Normally I put my goats up at night but it’s been in the 100’s-90’s at night so I can’t bear to box them in. So I have been putting my Doberman/Rottweiler cross sisters in with my goats. I have read about allot of people saying you can’t put anything but trained dogs in with goats but have had a good track record with my girls. They are in no way aggressive to them and if the goats get to bugging them they either run off or cower until they lose interest. The only thing I would worry about is if there were kids out there but right now they are grown up. My girls I know are good at protecting as we have seen then fight coyotes that were trespassing on our property. So I just wanted to say I’m happy I have dogs like these for my goat’s sakes.


----------



## KW Farms (Jun 21, 2008)

Seem like sweet dogs...we have a couple dobis for guards...but for our house/farm.
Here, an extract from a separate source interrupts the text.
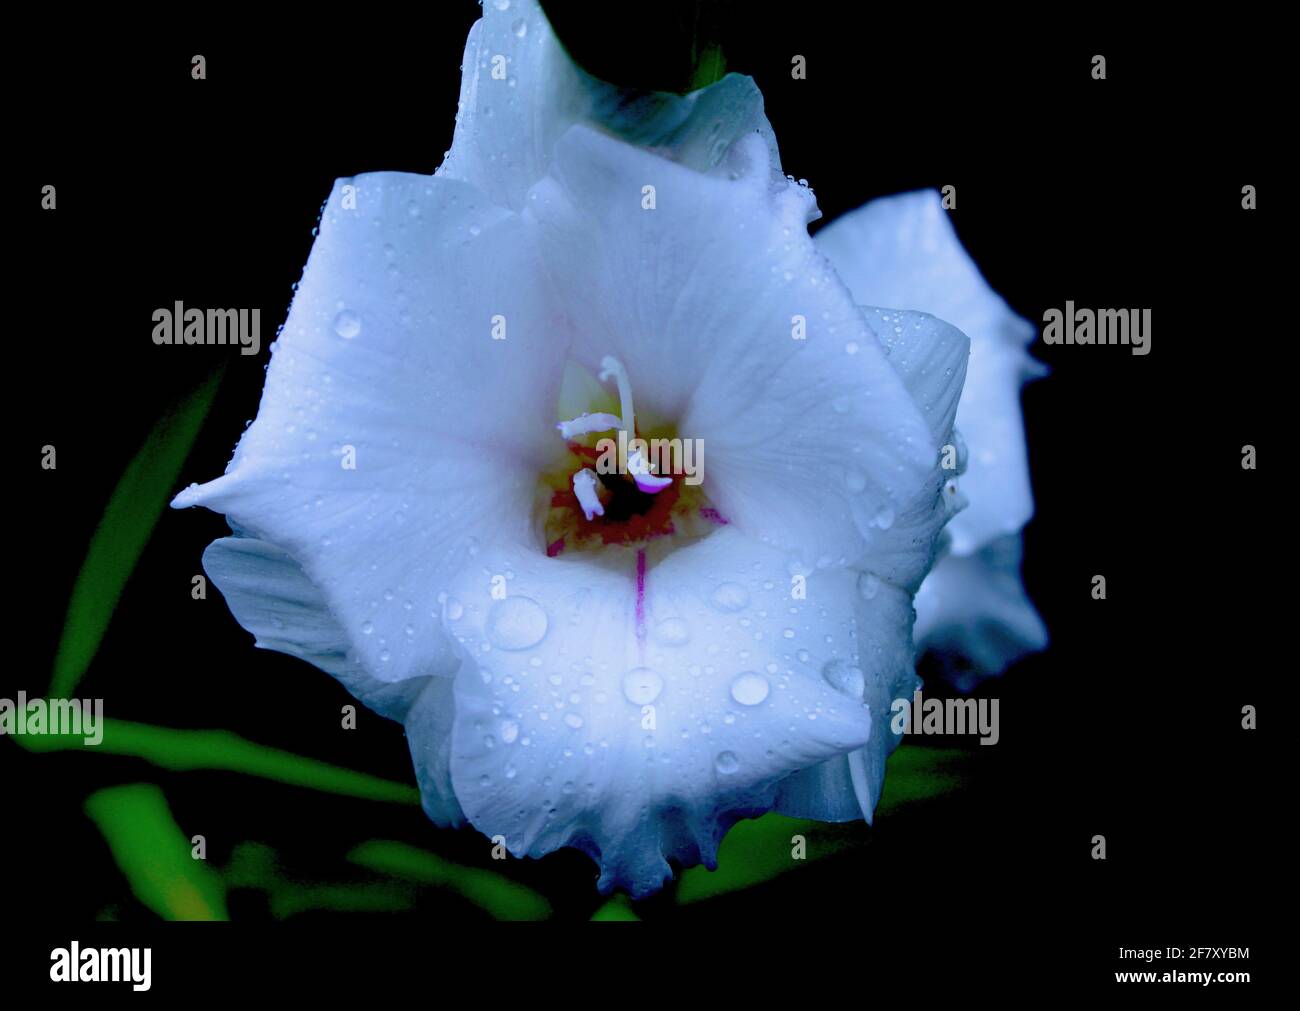 Naturfotografie weiß Gladioli Porträt. Regentropfen werden auf den zarten weißen Blütenblättern duftender Gladiolen eingefangen. Weiß, Reinheit, frisch und Natur. Stockfoto

They've always been good with my farm animals...though I think they're to rambunctious to be left alone with the goats. :laugh:


----------



## toth boer goats (Jul 20, 2008)

Glad it is going well.... :thumb: but please... keep in mind... when the newness wears off and they get board.... they may BooBoo....But yet... they may be OK....I'd be Leary..... :hug:


----------



## xymenah (Jul 1, 2011)

Well I feel even more lucky now. We heard the dogs going crazy barking and went out there to find a diamondback rattlesnake. The dogs were keeping it in a hole and keeping the goats away from it until we got out there. So no one got bit and everyone's safe which is great.


----------